Hikayat tersebut bukan mecetuskan setiap pelanggar musti dimaafkan, bukan. Karena hukum harus tetap lantang menghalau kezaliman. Dan tentunya posisi khalifah di atas memaafkan dengan penuh pertimbangan kedepannya.
Subtansi dari kutipan di atas adalah hendaknya kita menimbang rasa, karena yang demikian akan membesarkan jiwa, dan jiwa yang besar akan membentuk pribadi yang mulia. Sehingga anda menjadi bak lentera di tengah gelap gulita. Dicinta Sang Pencipta juga para makhluk-Nya.

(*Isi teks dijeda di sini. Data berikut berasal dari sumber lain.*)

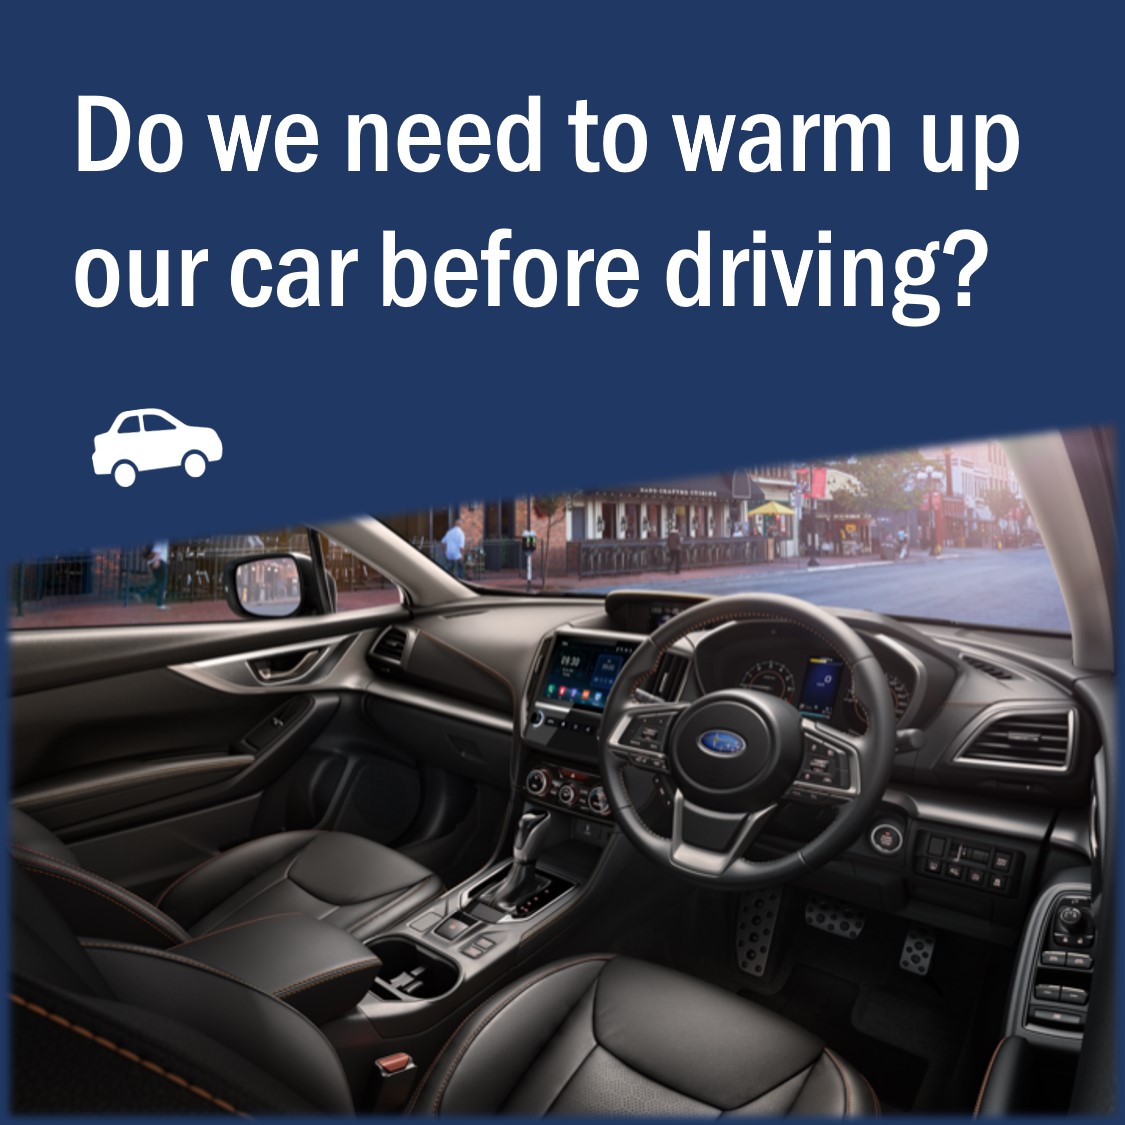 Do we need to warm up our car before driving?

Memaafkan adalah hal lumrah dalam Islam, bahkan sudah selayaknya setiap muslim berkarakter dengan karakter ini. Wal kādzhimīnal ghaidzha wal 'āfīna 'anin nās, mereka menahan amarahnya serta memaafkan kesalahan saudaranya. Yang tentu saja memafkan akan melahirkan ketentraman dan kesejahteraan pada perseorangan, pun masyarakat. Tidak ada kebencian, yang ada justru kasih sayang. Tidak ada dendam, yang ada justru persahabatan.

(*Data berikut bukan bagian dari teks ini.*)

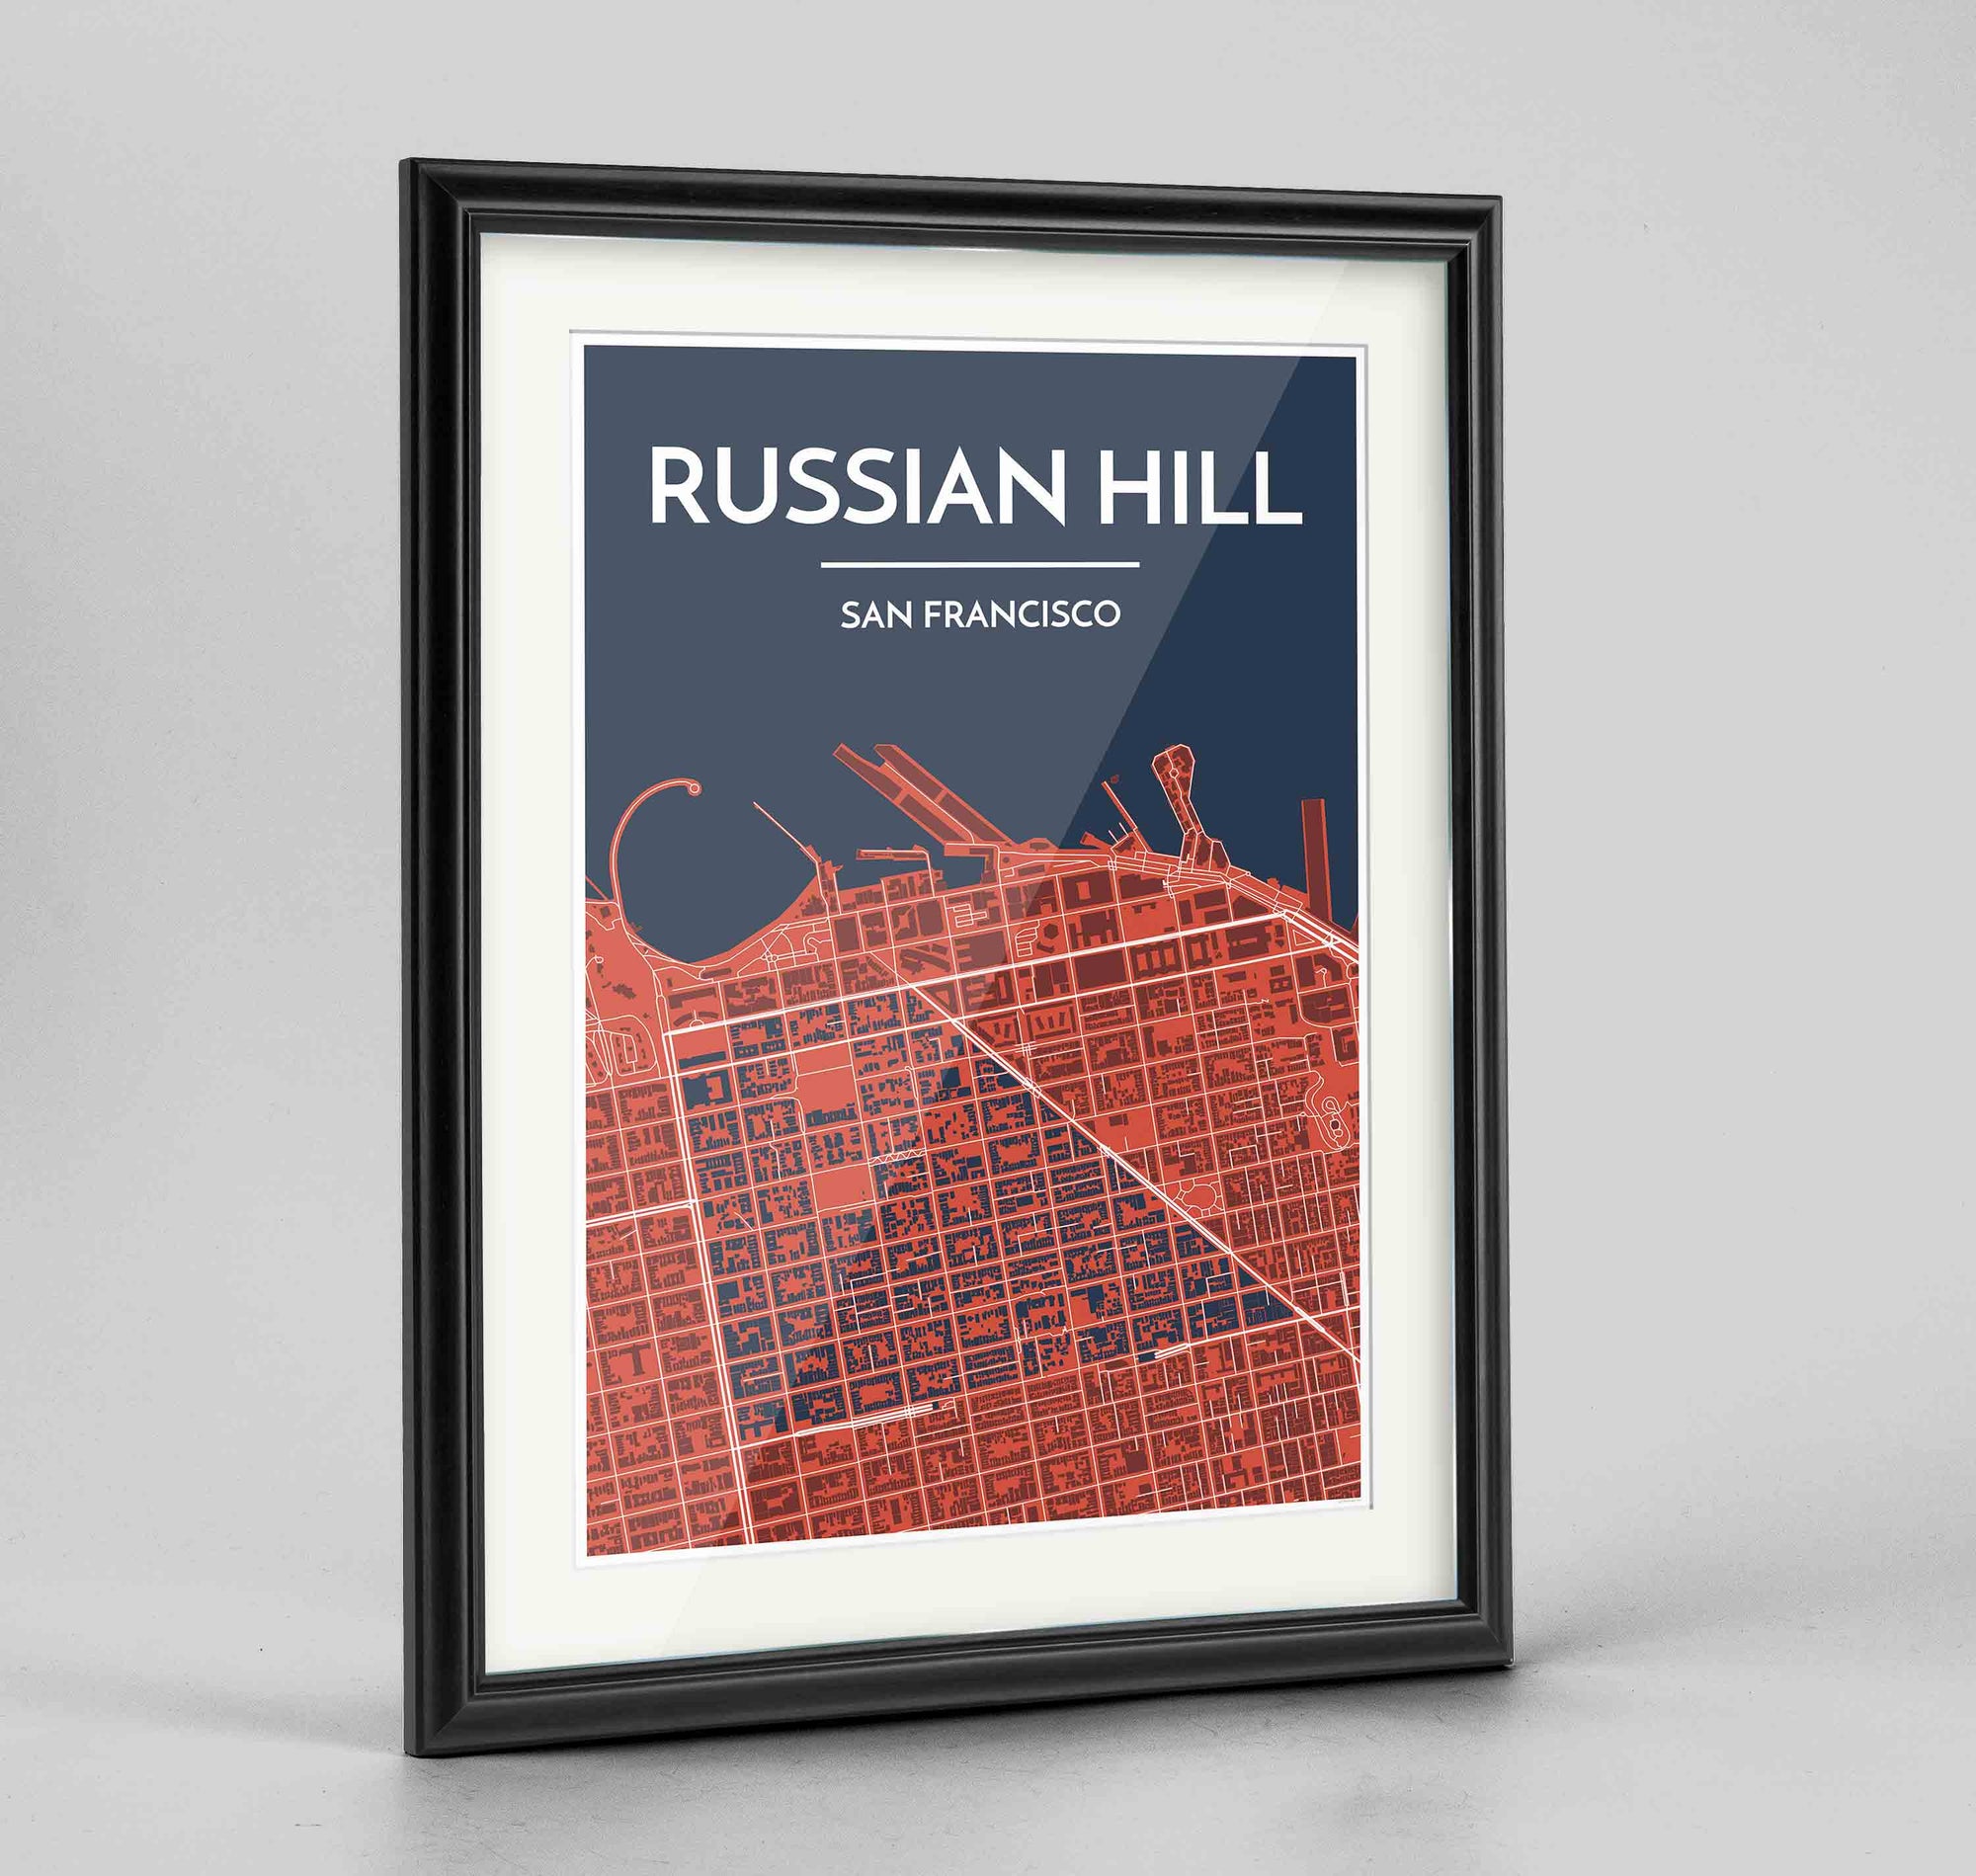 Framed Russian Hill San Francisco Map Art Print 24x36" Traditional Black frame Point Two Design Group

Ketika seseorang salah, melanggar, kemudian anda tidak memaafkannya, boleh dikatakan adil, dan itu pilihan anda. Namun, dengan kebesaran jiwa, hendaknya anda memilih memafkan -terlebih sesama muslim-, terlepas baik hukuman itu anda jatuhkan ataupun tidak. Adapun yang berkaitan dengan hukum had dalam islam maka tetaplah ditegakan sesuai tuntunannya, jika itu antara dia dengan Allah, maka Allah berjanji akan memaafkannya, dan jika itu berhubungan dengan hak anda, maka maafkanlah, itu lebih baik, walaupun hukuman itu tetap berlaku atau anda dengan senang hati membebaskannya -seperti halnya membebaskan dari qishash- sesuai pertimbangan anda.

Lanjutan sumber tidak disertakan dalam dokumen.